In Datastacks 1.0 and 2.0 only structured data with fixed schema design can be analyzed. However in today’s time 80% of new information growth is unstructured content and enterprises house Petabytes of this unstructured data be it data about customer profiles, buying patterns or even logs generated by devices. Hence in order to gain that competitive edge, enterprises need a new data stack that can analyze Petabytes of unstructured data. We have named this new data stack as Data stack 3.0 which gives businesses the ability to leverage the data generation and glean intelligent insights.
Datastack 3.0 stands for a new set of technologies which allows the analysis of huge amounts of unstructured data, through Map-Reduce programming based on NoSQL databases.

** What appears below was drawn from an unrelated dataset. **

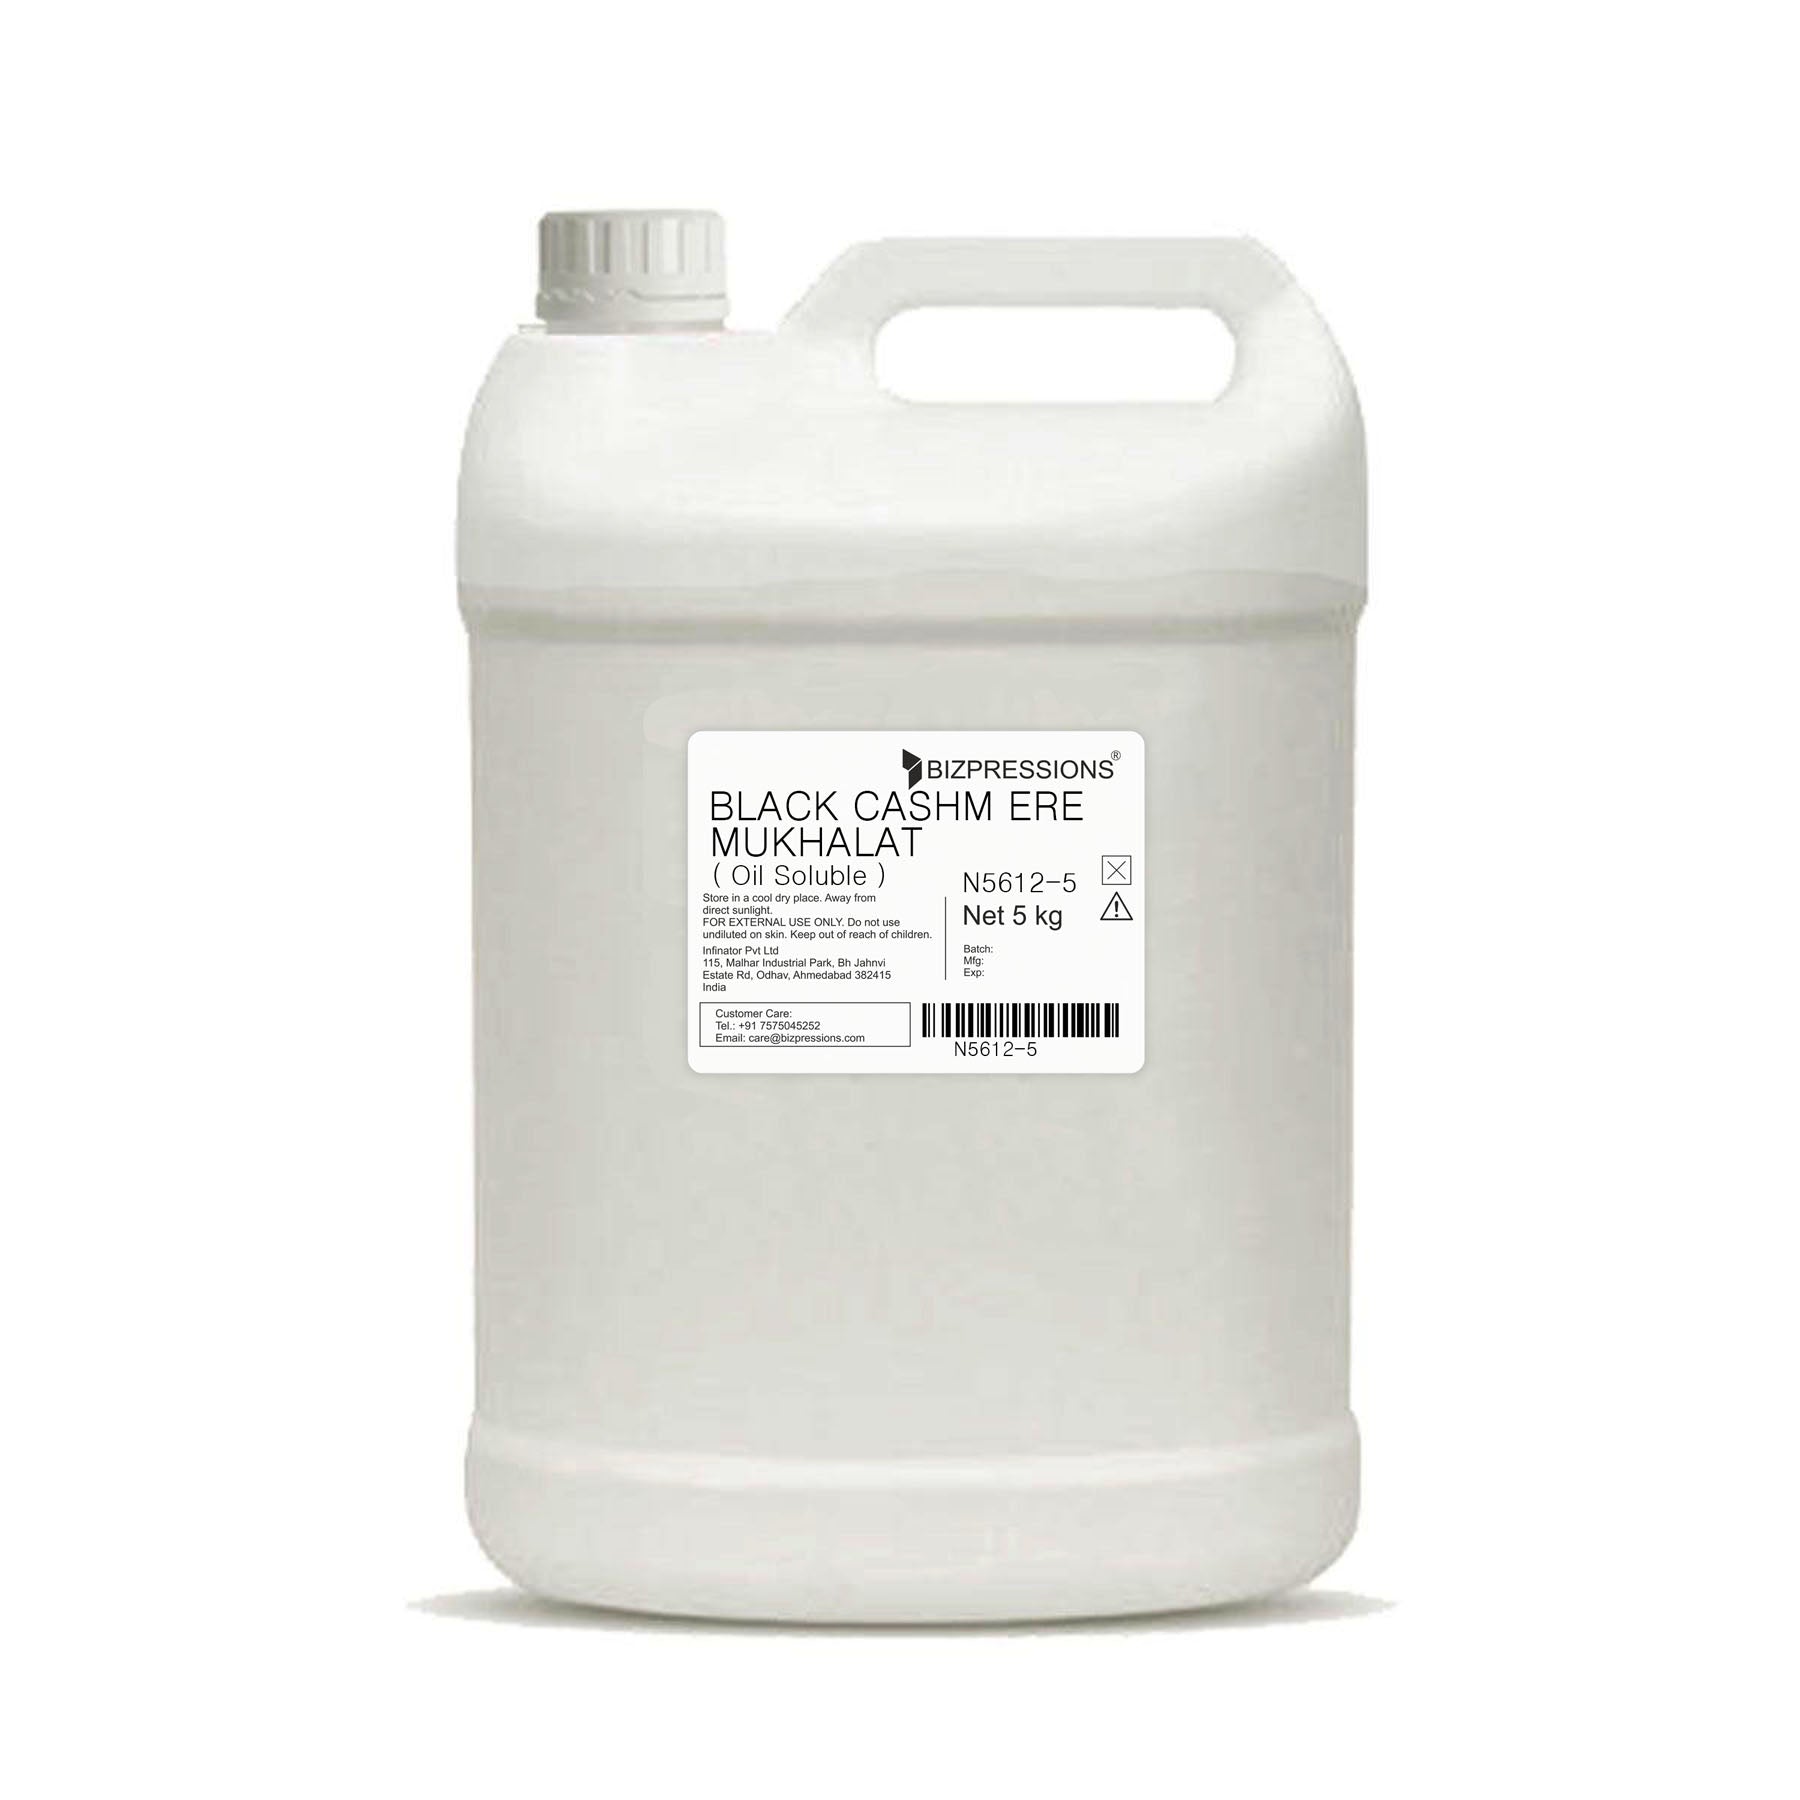 BLACK CASHMERE MUKHALAT - Fragrance ( Oil Soluble ) - 5 kg

These technologies make use of massively parallel processing paradigm and can provide enterprises with that analytical edge required to build a sustainable competitive advantage. DataStack 3.0 stores historical information for analysis like DataStack 2.0 and is capable of handling data sources not covered by DataStack 2.0.
As businesses explore Big Data, they have to take into cognizance that DataStack 3.0 is confluence of new Big Data technologies such as Cassandra, Hbase, MapReduce with existing DataStack 2.0. DataStack 3.0 should integrate with existing DataStack 2.0 and should ideally act as a complimentary extension to the existing data infrastructure
Persistent Systems’ latest whitepaper Big Data Defined. Introduction to DataStack 3.0 defines DataStack 3.0 in the context of historical trends in data and an enterprise’s existing data infrastructure. It helps enterprises think about how Big Data can fit into their organization’s current data infrastructure. The paper aims to help CIOs, MIS managers and functional heads take advantage of Big Data within their organization.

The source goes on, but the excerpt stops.